RECORD SET:
==*==

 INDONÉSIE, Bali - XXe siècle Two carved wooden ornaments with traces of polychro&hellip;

==*==

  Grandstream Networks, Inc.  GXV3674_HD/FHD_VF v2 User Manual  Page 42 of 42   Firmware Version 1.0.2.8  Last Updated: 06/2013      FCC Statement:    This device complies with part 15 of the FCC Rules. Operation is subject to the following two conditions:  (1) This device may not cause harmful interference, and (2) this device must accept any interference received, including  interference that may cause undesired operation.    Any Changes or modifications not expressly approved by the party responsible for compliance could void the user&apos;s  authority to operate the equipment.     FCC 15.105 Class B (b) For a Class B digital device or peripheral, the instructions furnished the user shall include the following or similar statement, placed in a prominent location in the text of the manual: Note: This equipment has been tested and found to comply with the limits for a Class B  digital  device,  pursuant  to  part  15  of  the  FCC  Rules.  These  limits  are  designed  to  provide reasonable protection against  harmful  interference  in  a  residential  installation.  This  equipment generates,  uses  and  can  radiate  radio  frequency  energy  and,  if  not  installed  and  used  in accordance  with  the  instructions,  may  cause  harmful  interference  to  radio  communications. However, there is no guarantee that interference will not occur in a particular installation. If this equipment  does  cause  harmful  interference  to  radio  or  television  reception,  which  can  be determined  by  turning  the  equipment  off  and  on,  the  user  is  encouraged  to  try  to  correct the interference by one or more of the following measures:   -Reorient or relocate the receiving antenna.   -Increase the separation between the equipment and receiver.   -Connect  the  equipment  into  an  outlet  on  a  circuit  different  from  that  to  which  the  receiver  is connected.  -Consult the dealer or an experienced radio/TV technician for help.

==*==

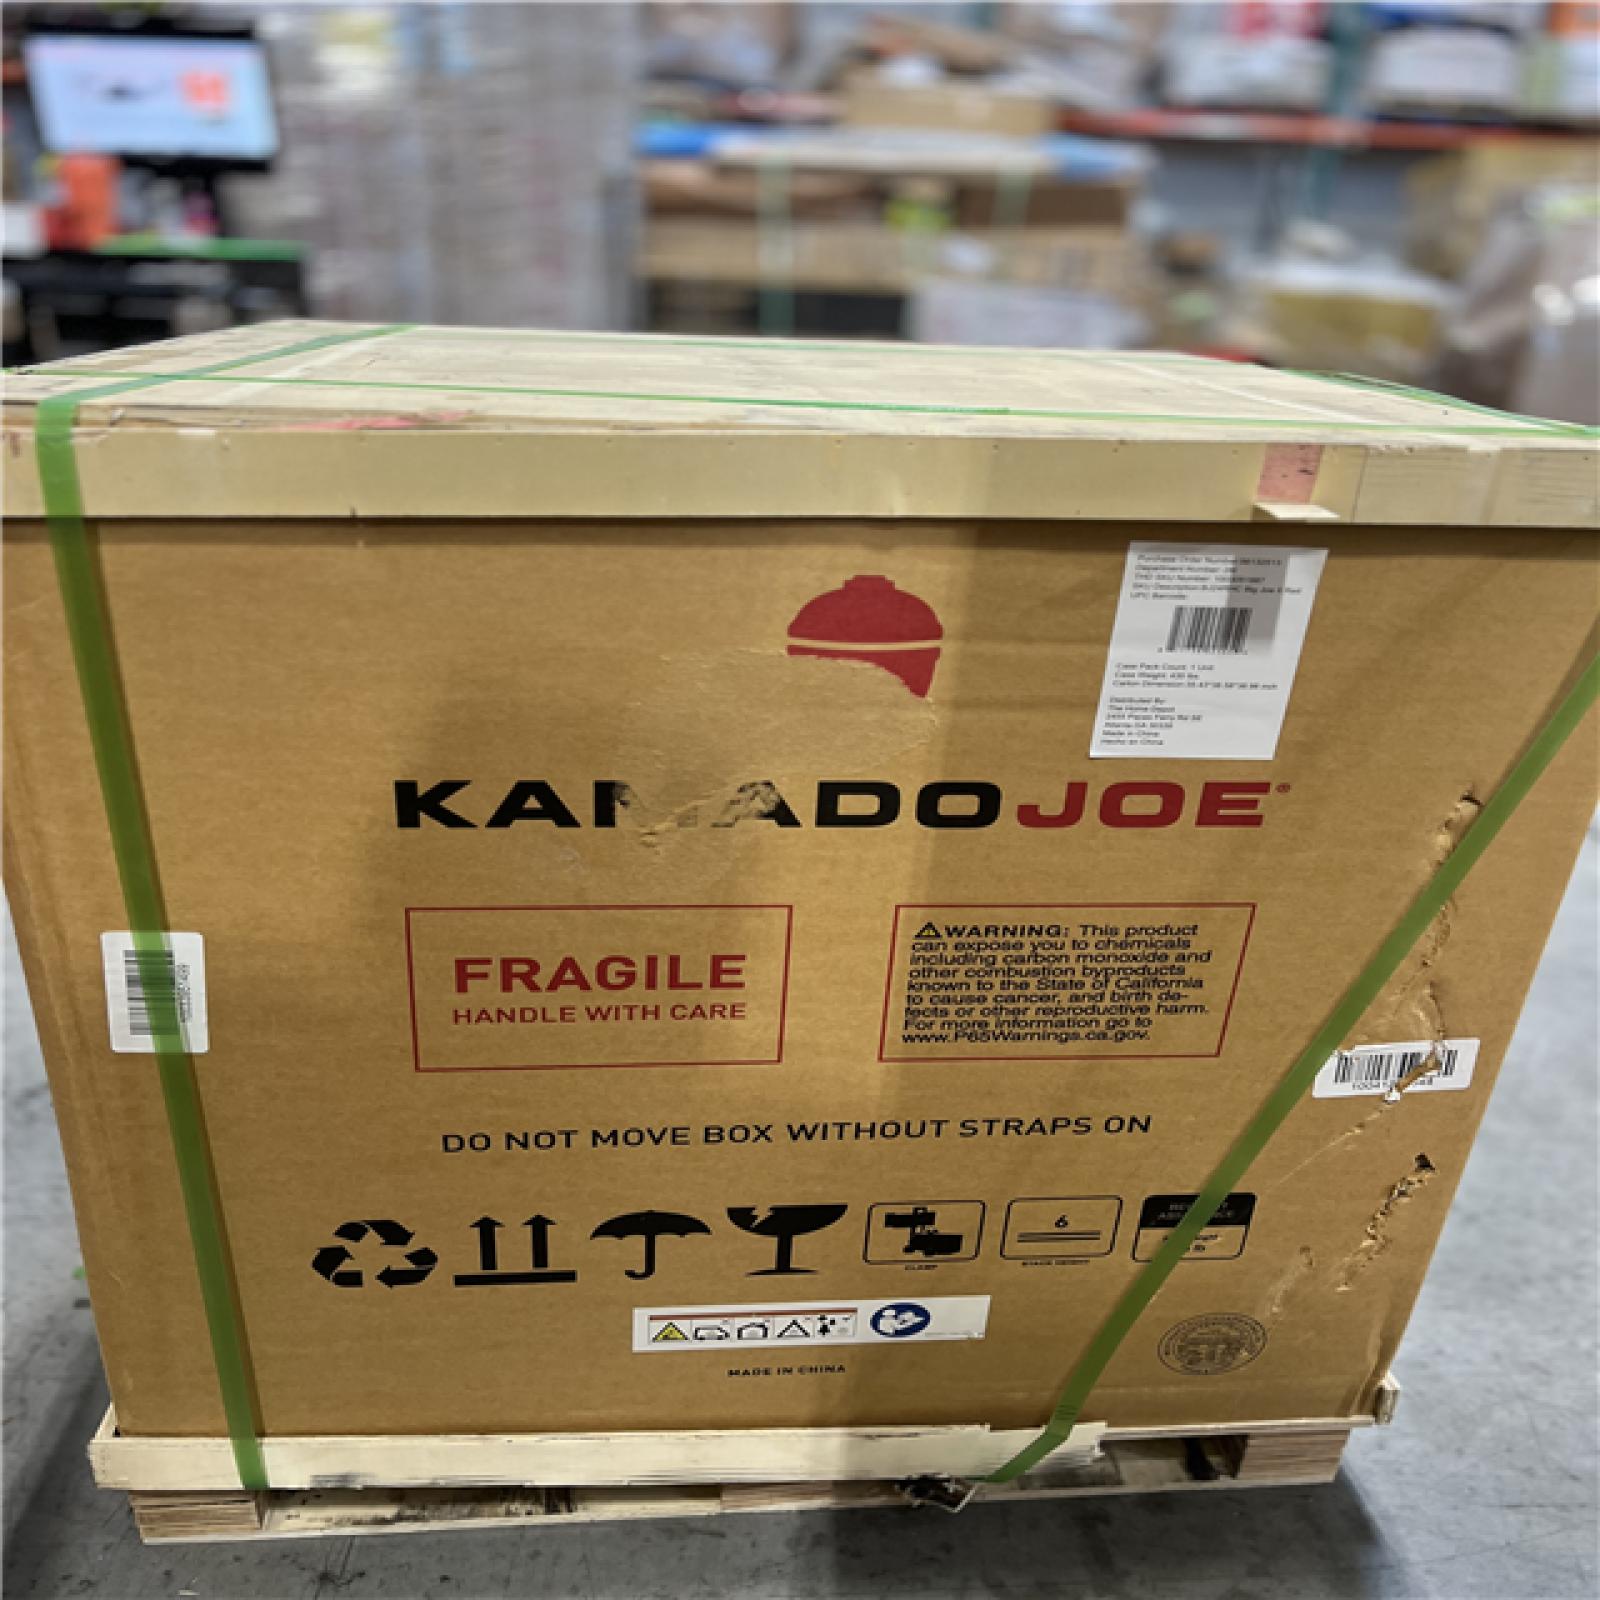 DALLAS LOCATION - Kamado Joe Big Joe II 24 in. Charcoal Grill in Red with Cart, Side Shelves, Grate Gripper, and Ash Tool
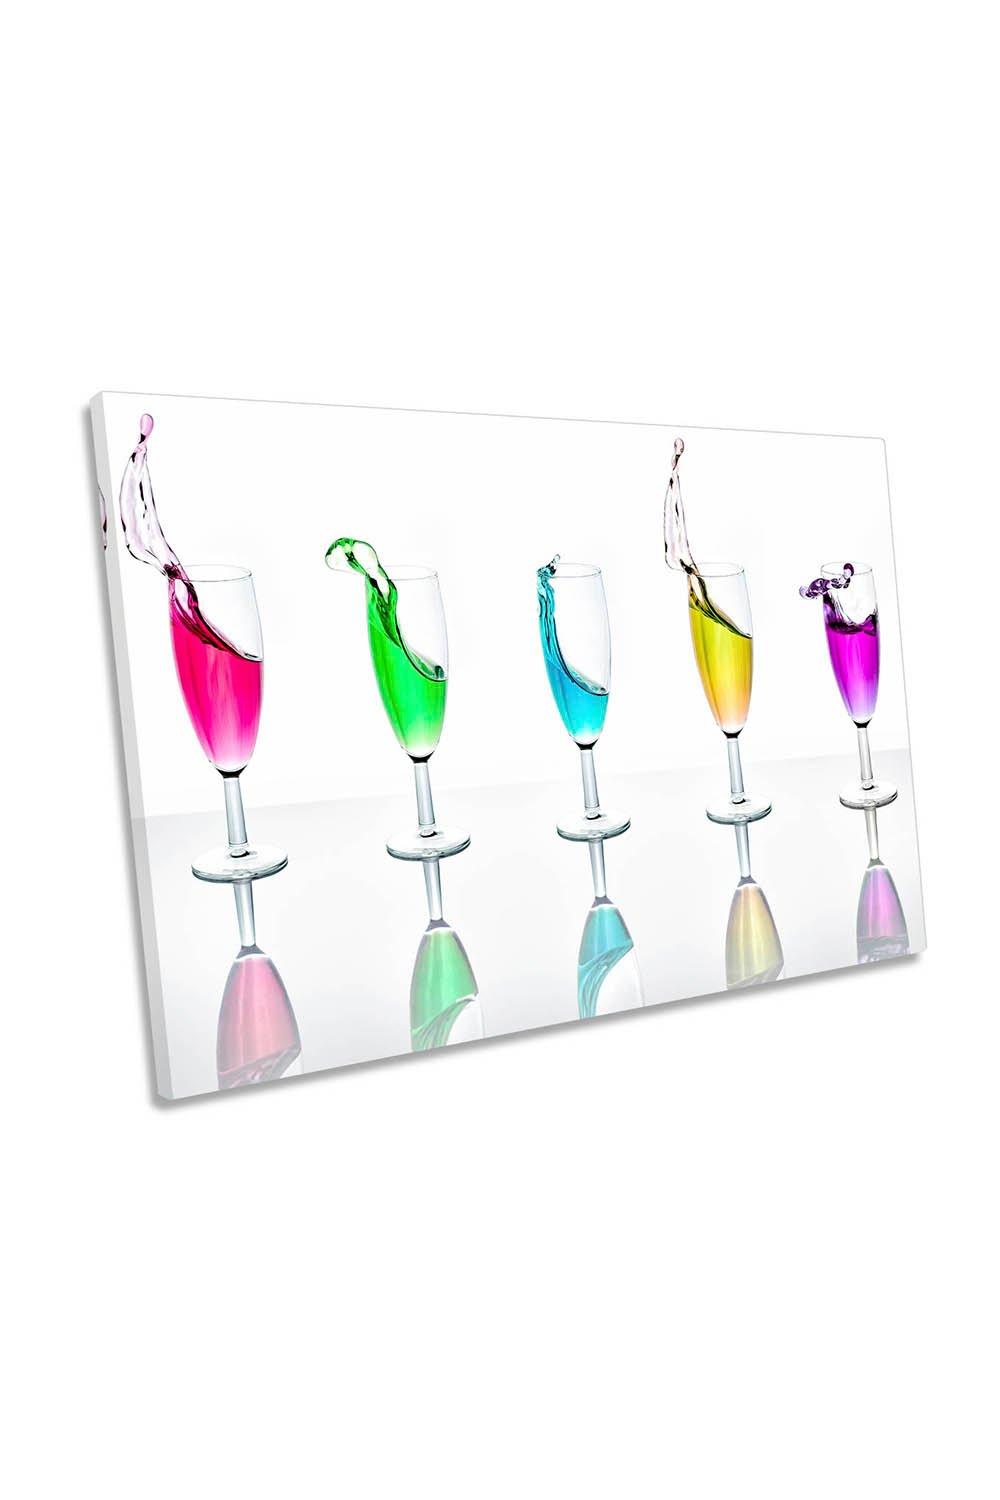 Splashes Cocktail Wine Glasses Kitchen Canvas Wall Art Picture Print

==*==

WHAT THIS TASK INVOLVES: An exact copy is needed. It runs from the line above containing "DALLAS LOCATION - Kamado" down to the line containing "Splashes Cocktail Wine", both included, with no pictures.

SOLVED PROBLEM:
 DALLAS LOCATION - Kamado Joe Big Joe II 24 in. Charcoal Grill in Red with Cart, Side Shelves, Grate Gripper, and Ash Tool
 Splashes Cocktail Wine Glasses Kitchen Canvas Wall Art Picture Print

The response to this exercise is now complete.